OpenAccess AI Collective (axolotl) Discord Summary

  • Confusion Angles fire up a debate: In a detailed image posted by @yamashi, users were thrown into a discussion on which angle marked - A, B, C, or D - is the correct one.
  • Closer Gap vs Lower Loss: @nafnlaus00 sparked a conversation saying that “it’s better to aim for minimizing the distance between eval_loss and train_loss vs only caring about getting as low of an eval_loss as possible”, especially when handling unclean datasets.
  • Early Beta of RL Training announced: @caseus_ revealed that RL (Reinforcement Learning) training is merged and now supports DPO and IPO. Though in its beta stages, the community’s suggestions and pull requests are much appreciated to refine the development.
  • “Fine-Tuning Mixtral” Talk arises: Potential issues with fine-tuning Mixtral were brought to light by @dangfutures. However, the query remained unanswered.
  • Curriculum Learning Idea pops up in Axolotl-dev: @suikamelon showed interest in implementing curriculum learning, a process where the model is trained starting with “easy” samples. @Caseus_ suggested considering yaml for disabling shuffle.
  • Multigpu Config Hitch: @qeternity had issues with axolotl’s deepspeed stages and asked for multi-gpu config examples. The user was then recommended to refer to the nccl.md docs by @caseus_.
  • Application of User Feedback: @athenawisdoms asked how user feedback on responses could be beneficial to model improvement, to which @noobmaster29 floated the idea of setting up a reinforcement pipeline.
  • The Synthetic dataset size conundrum: @antti_45069 raised a query regarding the size of a synthetic dataset in comparison to typical code datasets which usually are of the range 100k+.
  • Introduction of Search RAG API: The availability of the Search RAG API was announced by @emrgnt_cmplxty. This tool appears promising for challenges relating to synthetic data and grounding responses.
  • Contextual Connotations and Misspellings: A potential misspelling in the phrase “and be vary of the context” was caught by @nafnlaus00, but @le_mess clarified that it doesn’t affect overall performance.

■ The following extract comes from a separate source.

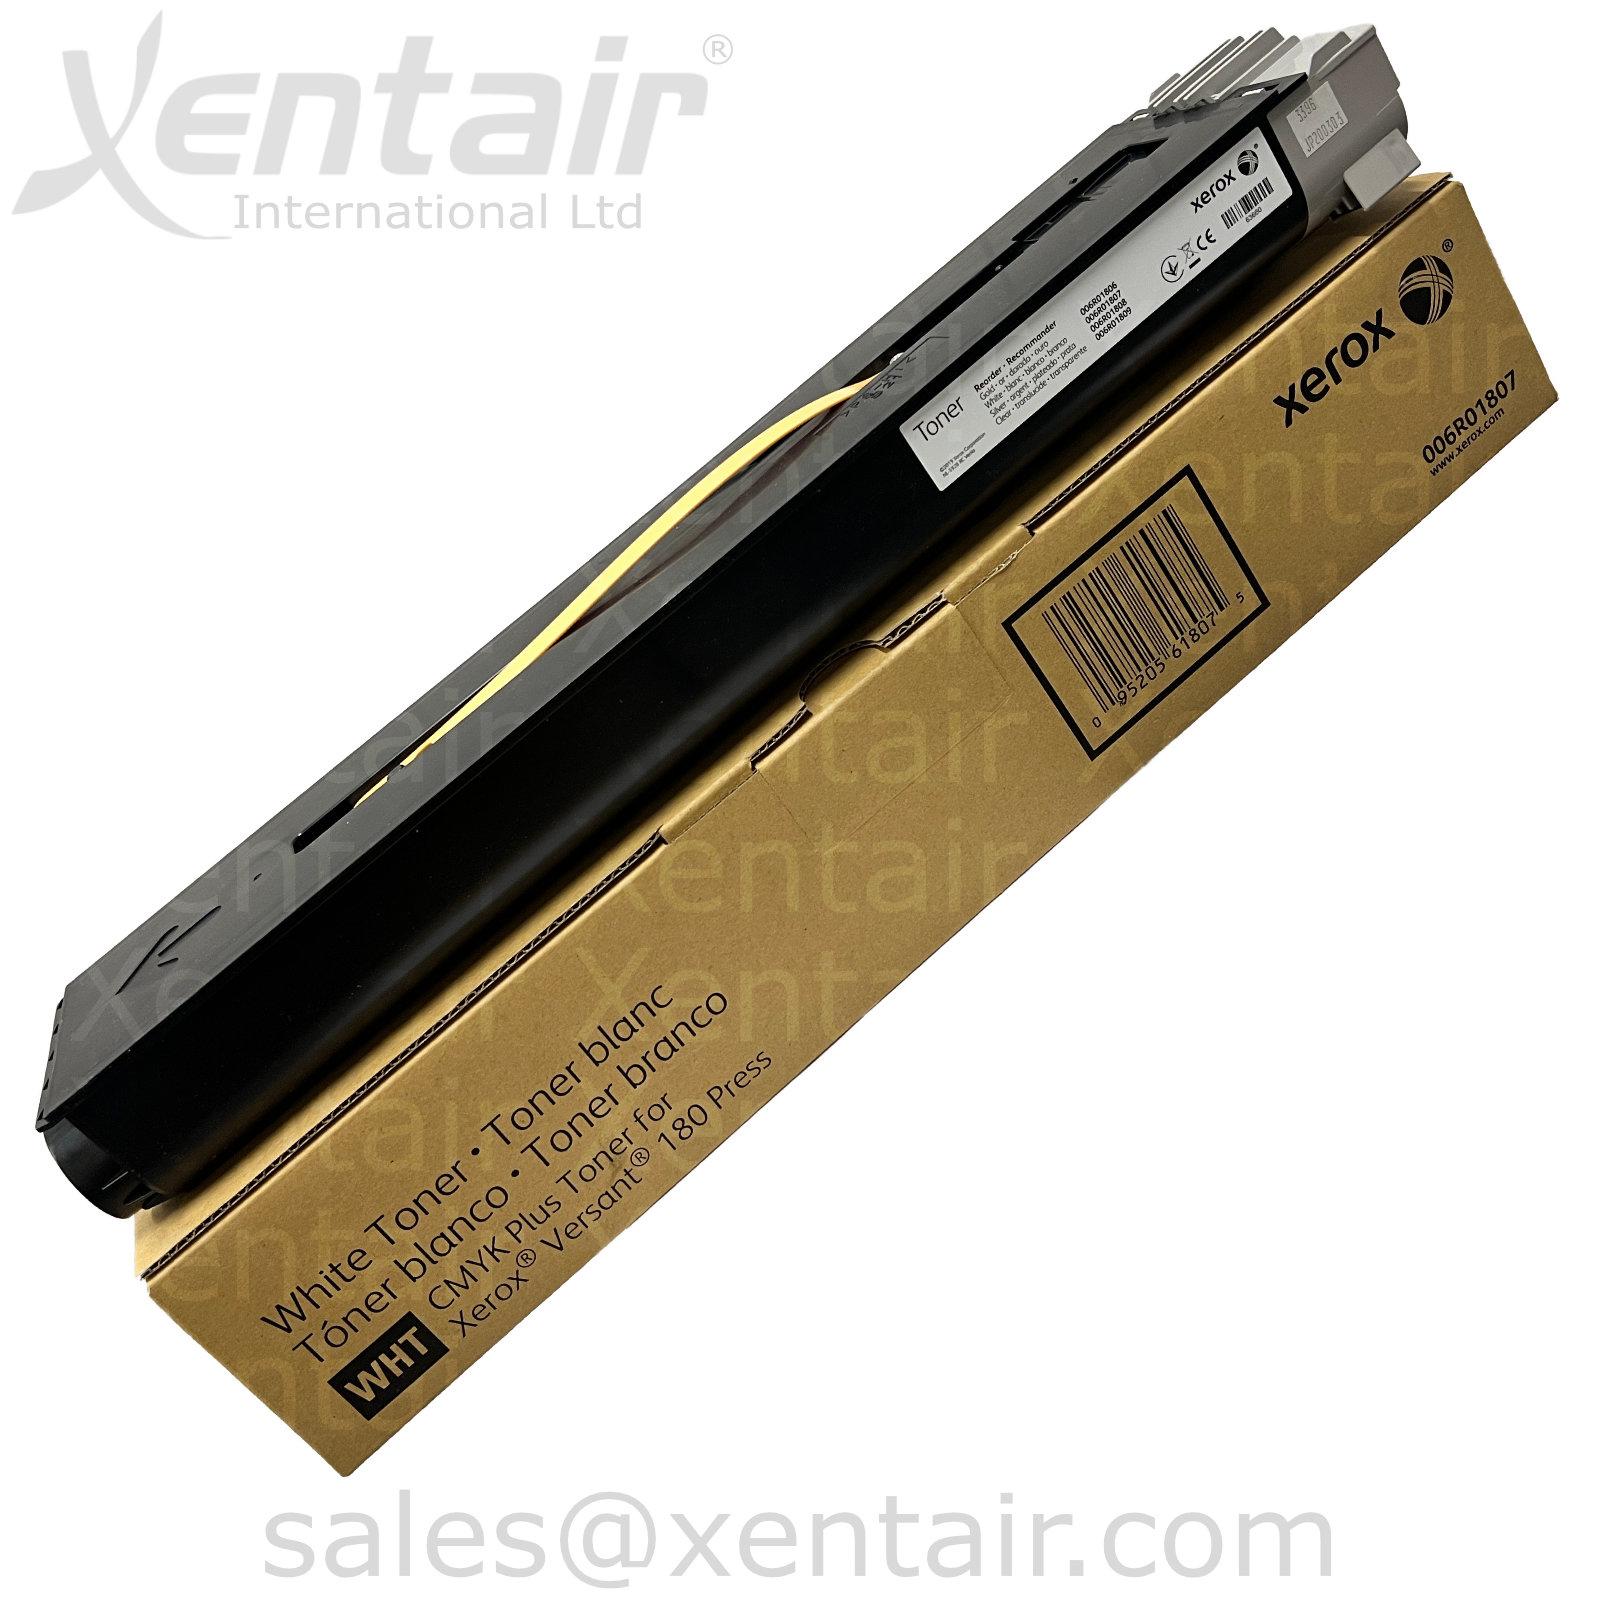 Xerox® Versant® 80 180 White Toner Cartridge 006R01807 6R01807 6R1807

OpenAccess AI Collective (axolotl) Channel Summaries

▷ #general (18 messagesđŸ”„):

  • Uncertain Angles sowing confusion: User @yamashi posted an image with multiple angles marked and caused a small confusion among users, asking for the correct angle – A, B, C, or D?
  • A call for more general solutions rather than aiming for the lowest eval_loss: @nafnlaus00 expressed the perspective that it’s better to aim for [minimizing the distance between eval_loss and train_loss vs only caring about getting as low of an eval_loss as possible], particularly in situations where the dataset isn’t clean.
  • Announcement of Reinforcement Learning (RL) training with chatml support: @caseus_ shared that RL training is now merged and supports DPO and IPO, but is currently in beta and needs further polishing. Open to suggestions/Pull Requests from the community, Caseus_ confirmed it is in its early stages and welcomes any external assistance.
  • Non-English Model Tuning: User @noobmaster29 provided a helpful link (https://arxiv.org/pdf/2401.01854.pdf) for non-English model tuners.
  • Potential issues with fine-tuning mixtral: @dangfutures queried if there were still issues fine-tuning mixtral. The question remained unanswered within the provided chat history.

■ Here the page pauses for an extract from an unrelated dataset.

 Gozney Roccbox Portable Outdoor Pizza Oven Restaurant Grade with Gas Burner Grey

▷ #axolotl-dev (7 messages):

  • Disabling Shuffling in Axolotl: @suikamelon questioned how to disable the shuffling feature in axolotl and later confirmed it seems to work after making modifications. @caseus_ suggested considering a yaml setting for it.
  • Concept of Curriculum Learning: @suikamelon expressed interest in experimenting with the concept of “curriculum learning” by training the model starting with “easy” samples.
  • Sample Packing Randomization: @caseus_ mentioned that randomization occurs when using sample packing, but @suikamelon confirmed having disabled it.
  • Suggestion for Windowed Random Sampler: @caseus_ proposed the idea of incorporating a windowed random sampler in future development.

Links mentioned:

axolotl/src/axolotl/utils/data.py at 59b2d302c8780ed83e6a0201b741574ee51a1a5e · OpenAccess-AI-Collective/axolotl: Go ahead and axolotl questions. Contribute to Open


▷ #general-help (24 messagesđŸ”„):

  • Mistral Fine-Tune Query: @henriklied asked if 8-bit lora and 8192 sequence length are feasible for fine-tuning mistral on 3x4090’s with a dataset containing 430,791,018 tokens. @nanobitz responded that if it fits, it’ll just take some time.
  • VRAM Queries for qlora Finetunes: @leoandlibe inquired about the amount of VRAM required for 13B/34B/70B qlora finetunes. To which, @nanobitz replied that to load 13B, it takes roughly 13GB VRAM for qlora + optimizer + batch size.
  • Script Automation: @athenawisdoms questioned about automatically running a second command/script after the axolotl command has finished or crashed. @leoandlibe suggested using python subprocess run to listen and trigger the required actions.
  • Axolotl’s Multiturn Chat Modelling: @evil_malloc questioned if axolotl is suited for multi-turn chat models and how the model is trained. @nanobitz explained that the model is trained on all assistant messages.
  • Multigpu Config Example: @qeternity asked examples on multigpu config as they encountered issues with axolotl’s deepspeed stages during dataset prep. @caseus_ recommended them to check out the nccl.md docs.
  • User Feedback’s Usage: @athenawisdoms queried about how the user feedback on generated responses can be employed to improve the model. In response, @noobmaster29 suggested possibly setting up a reinforcement pipeline.

▷ #datasets (2 messages):

  • Synthetic dataset size debate: @antti_45069 inquired about an undisclosed language learning model and remarked that a synthetic dataset of 1780 rows is quite small compared to other code datasets that usually range in the 100k+ range.
  • Introduction of Search RAG API: @emrgnt_cmplxty announced that the Search RAG API, suitable for synthetic data and grounding responses, is now available for users to experiment with.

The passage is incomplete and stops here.